I’ve seen staff meetings where everyone brings a device, and I’ve seen others where almost no one does. I’ve talked to grade 9 and 10 students whose teacher expects the device at every class and uses it, and others where they don’t bother bringing it because the teacher never asks.

I’m left scratching my head. When people post all kinds of updates on social media, send e-transfer funds zipping around and book their vacations through online sites, what’s so hard about using the tools for workflow and to learn? I know we have amazing resources in our district to teach and help, but these seem to go largely untapped.

Please comment or engage in this conversation on Twitter. I’d love to know more about perspectives out there.



7 Responses to “What’s So Hard About the Digital Classroom?”

  1. Sue, what a great and important post. I wonder if a piece of the challenge is the additional distractions with these digital tools. How do we merge low-tech and high-tech tools to best suit our different learners? Thinking about Self-Reg, how do these tools connect?

    Right now, I’m working at a camp program where students have amazing access to digital tools. I know that great things can happen, and in many ways they are, but some students still see these tools for their gaming or video potential only. Trying to link them with the learning potential can be challenging. Even as adults, when do we use digital tools for entertainment versus learning? Could this be part of the challenge?


    1. I agree that the entertainment vs. learning thing is a challenge for all of us. I love playing mindless games on my phone! It does take discipline to use the tool for something different. But, educators are highly educated, smart problem solvers. That’s what really puzzles me about the uptake.

      1. Could the problem be that not everyone sees the educational value in these tools? People will often put time towards problem solving when they believe that it’s worth this time. Curious to hear what others think about this.

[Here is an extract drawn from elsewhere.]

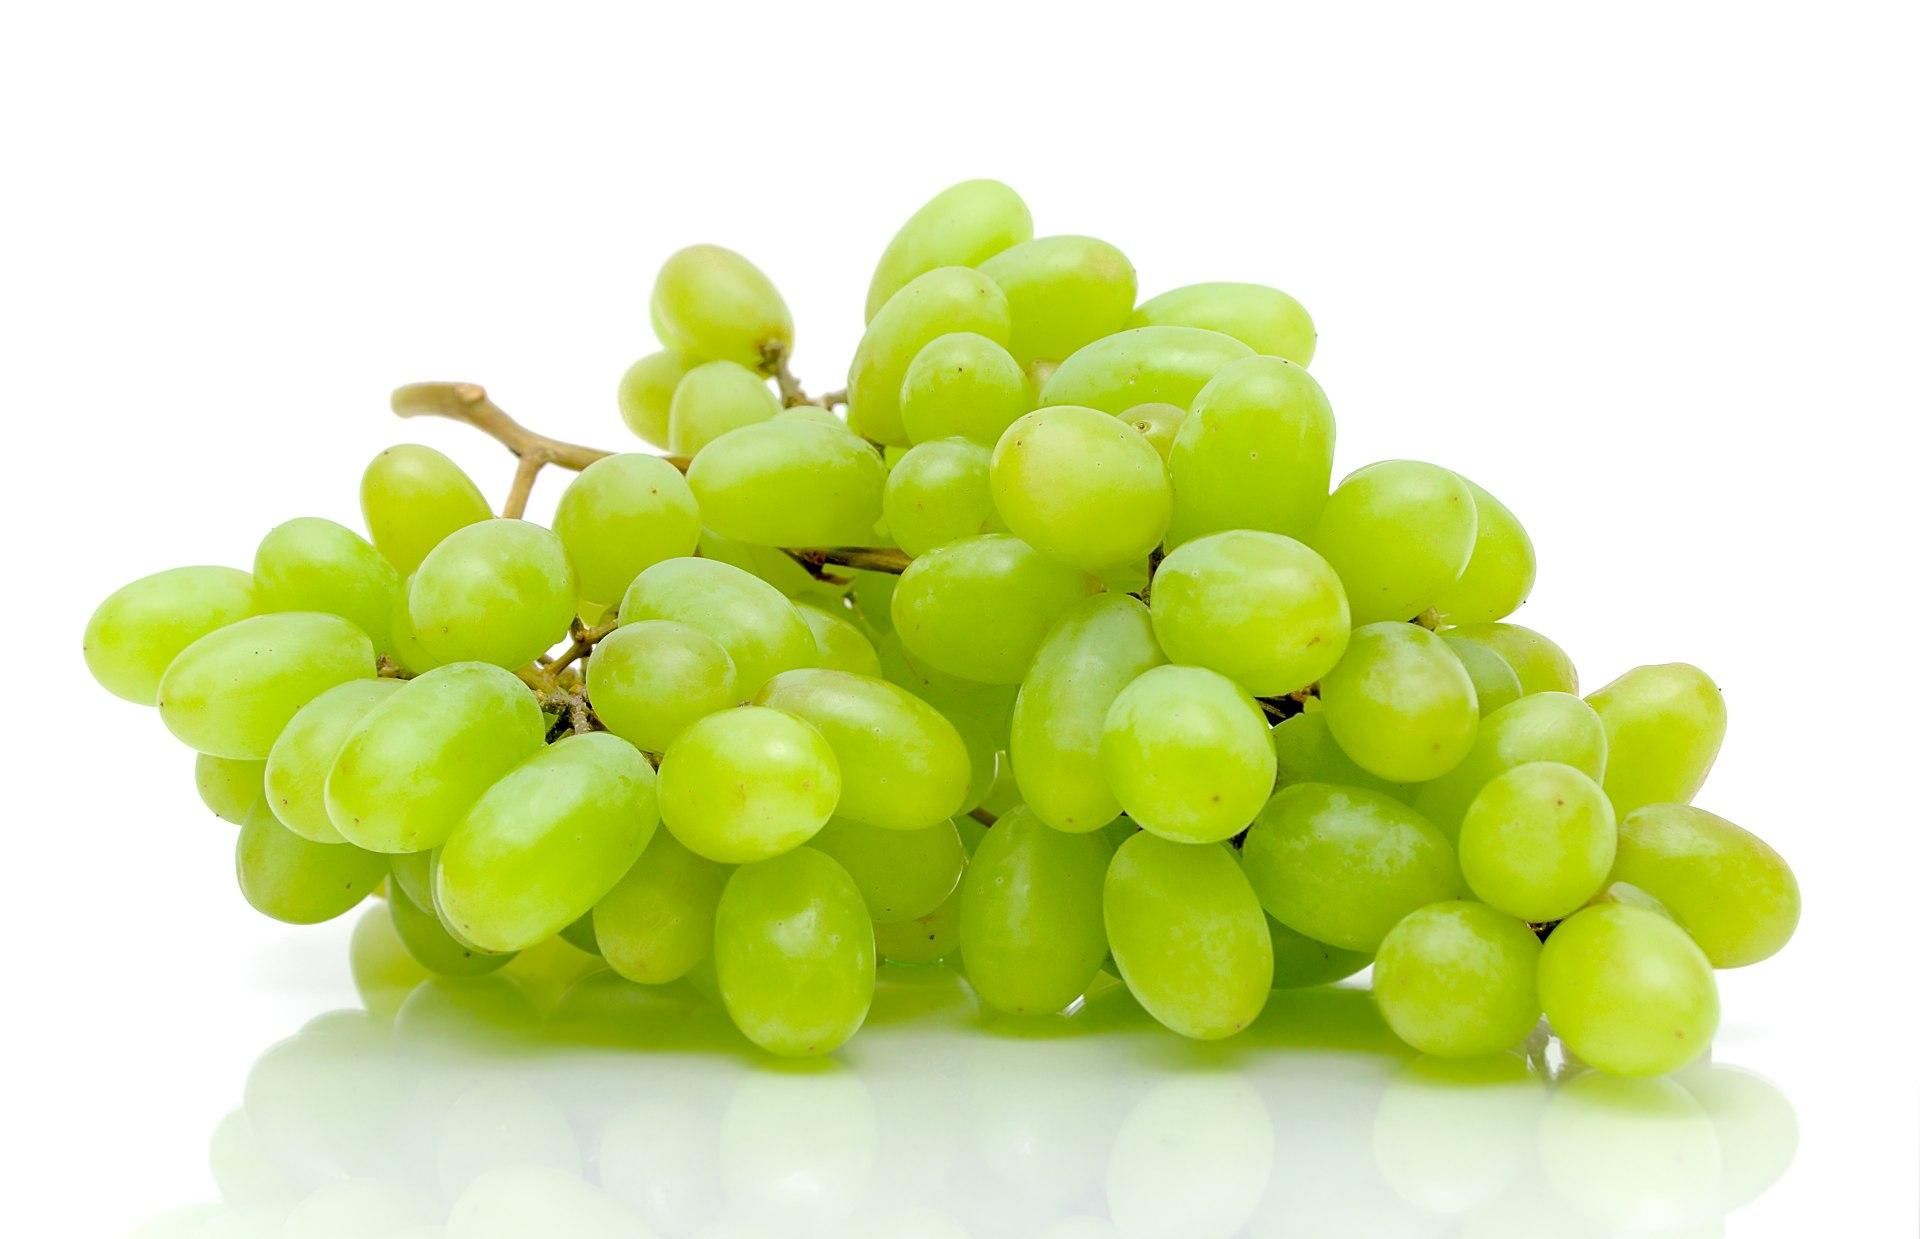 Weintrauben - Alles über die Weintrauben

        1. Thanks for following up on this comment, Aviva. I get it, education is a small c conservative environment that generally doesn’t like change. “Value” is a subjective construct and it’s quite easy to not see value in things as a result. Willingness to try new things is more of a mindset and it takes a lot of effort, as you know. Of course, nothing worthwhile comes without effort.

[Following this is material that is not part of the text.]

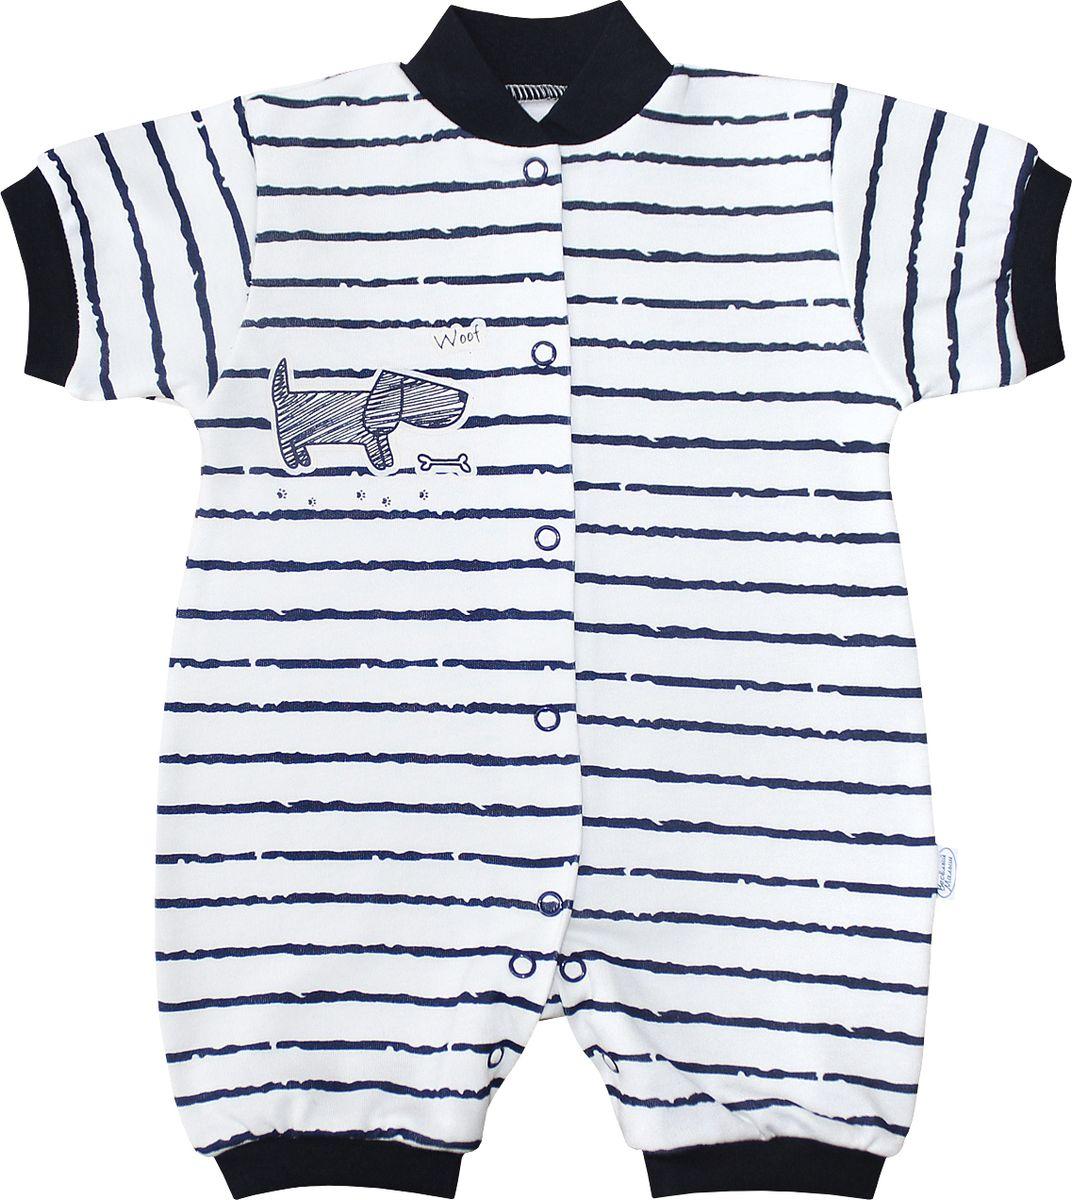 Песочник для мальчика Веселый малыш Верные друзья, цвет: белый, темно-синий. 52322/вд-E (1). Размер 80 веселый малыш песочник спелая вишня 52322

          I’m mostly interested in how many educators have embraced the digital life at home, but not at school. That’s fascinating. I just read a post by Steve Wheeler: Digital is Default. You might be interested.

          1. So funny, as I just saw your tweet about this post, as I then went to read your reply. I’m going to read the post now. Thanks for always giving me things to think about!


  2. Yasmin Smith Avatar
    Yasmin Smith

    I think we are going to look back at the past few decades and realize we messed up our kids because of our fascination with digital technology. It’s a new medium and we simply don’t know the long term effects: both good and bad. I’ve seen some great kids struggle to focus on their electronic homework and not succumb to online distractions, but its being called “digital heroin” for a reason. If we as adults are struggling, why do we not realize that children with developing brains will have an even harder time? God help the children with ADHD: electronics are their kryptonite and now the school board is their pusher. I think evidence is pointing to a correlation with student mental health issues and technology use. I am praying the pendulum will swing back towards a middle group with realizing that technology is a powerful but often destructive tool, before an entire generation of teenagers is ruined.

    1. Thanks for sharing your thoughts. So often we humans forget about balance and considering implications. I’m a digital person and an analogue person, and I make those conscious decisions daily. You’re right, we do need to teach our kids the same – and what tool is right for the task, whatever the task might be.

      I wonder, are you speaking about teenages from personal experiences? I’d love to hear your story if so.